Thursday, December 13, 2007

Bob Dylan, Judy Collins

As a teenager I was a dedicated Bob Dylan fan; I loved his early, gently poetic folk, I loved his angry, psychedelic stream-of-consciousness rock period, I loved his temporary country guise, I loved his return to folk with Blood on the Tracks and his exotic Desire. I loved the anger in the Christian albums, and I loved his second phase as a songwriter who spits out Americana gems, from Oh Mercy to Modern Times. But part of me has tended towards the long, slow, wry Leonard Cohen, who, like Bryan Ferry, has adapted his lyrical genius into definite and decadent styles. Perhaps even more than these two masters, though, I have adored the majestic Judy Collins, who encompasses both songwriters while including the disparate genius that emanates from Jacques Brel, Stephen Sondheim, and Kurt Weill, not to mention Joni Mitchell, more open to experimentation than either Dylan or Cohen.

There is something almost unspeakably touching about the string-laden interpretations of great songs that Collins excels at, and in her obvious love for the material she works with.
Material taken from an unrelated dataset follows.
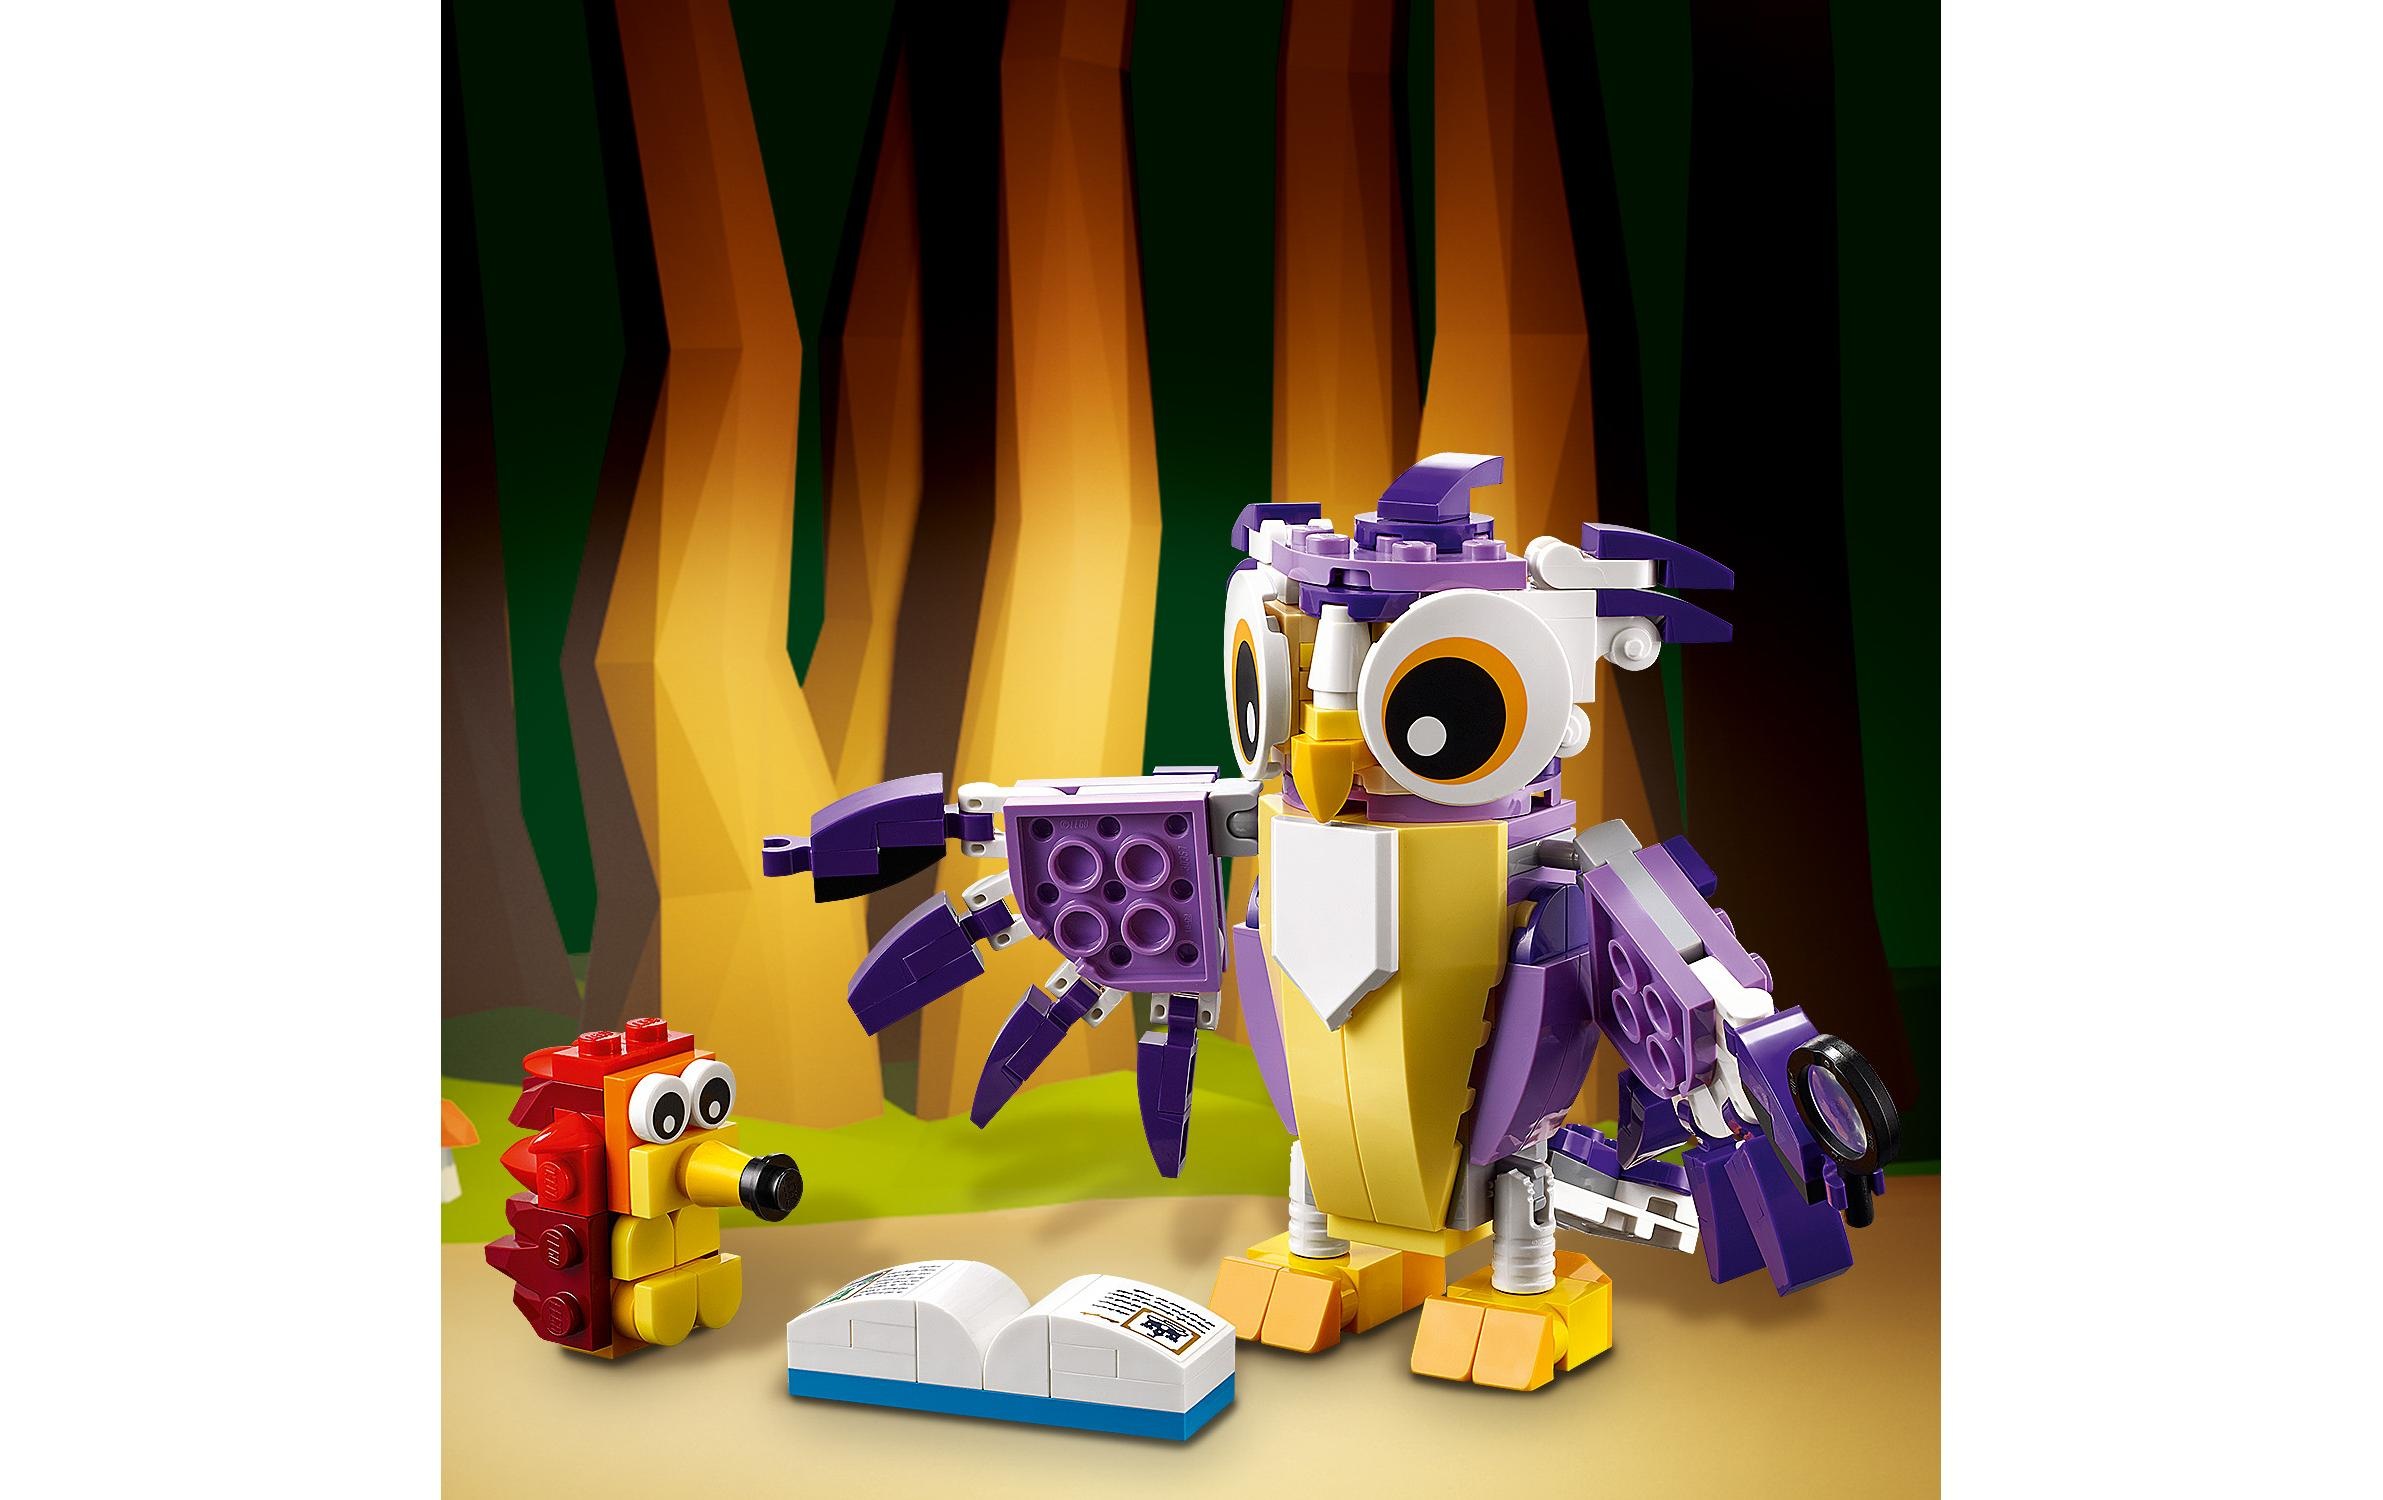 LEGO® Spielbausteine »LEGO Creator Wald-Fabelwesen 31125«, (175 St.)

When I was young I considered Collins a very minor musician, perhaps even a singer who didn't "get" Dylan the way I "got" him. I've long since come to recognize this same unpleasant, fundamental, and uneducated approach to Dylan in other Dylan fans -- a prime example would be with Bryan Ferry's recent Dylanesque, a hit-or-miss collection of Dylan songs that have some moments which are spectacular and some of which are blase, which received mostly vitriol from Dylan aficionados. But it's the offhandedness with which Ferry interprets Dylan that is seemingly misinterpreted as being shallow; this is the same feeling I had with Collins when I was young. All I could see was the original, and compared to it, the interpretation seemed merely thin. It took years before I realized that what I considered minor, thin, and pale in comparison to the original was actually much more subtle and gentle -- something so rare and delicate that it could only be misinterpreted.

It's this delicateness that leads to many female singers being marginalized -- k.d. lang and Nanci Griffith may be the two most prominent, two singers working on the level of Billie Holiday. (I would compare them to Dolly Parton if Parton herself wasn't so marginalized.) For women who don't perform with the fervor of Nina Simone or the hard-edged world-weariness of Lucinda Williams, there is little place for recognition. Music criticism is a boy's game, and the boys like women who either act like men or who occupy an extreme version of girliness -- this would explain why middle-aged hipster men can appreciate Astrud Gilberto or Francoise Hardy, but when faced with Collins will turn away.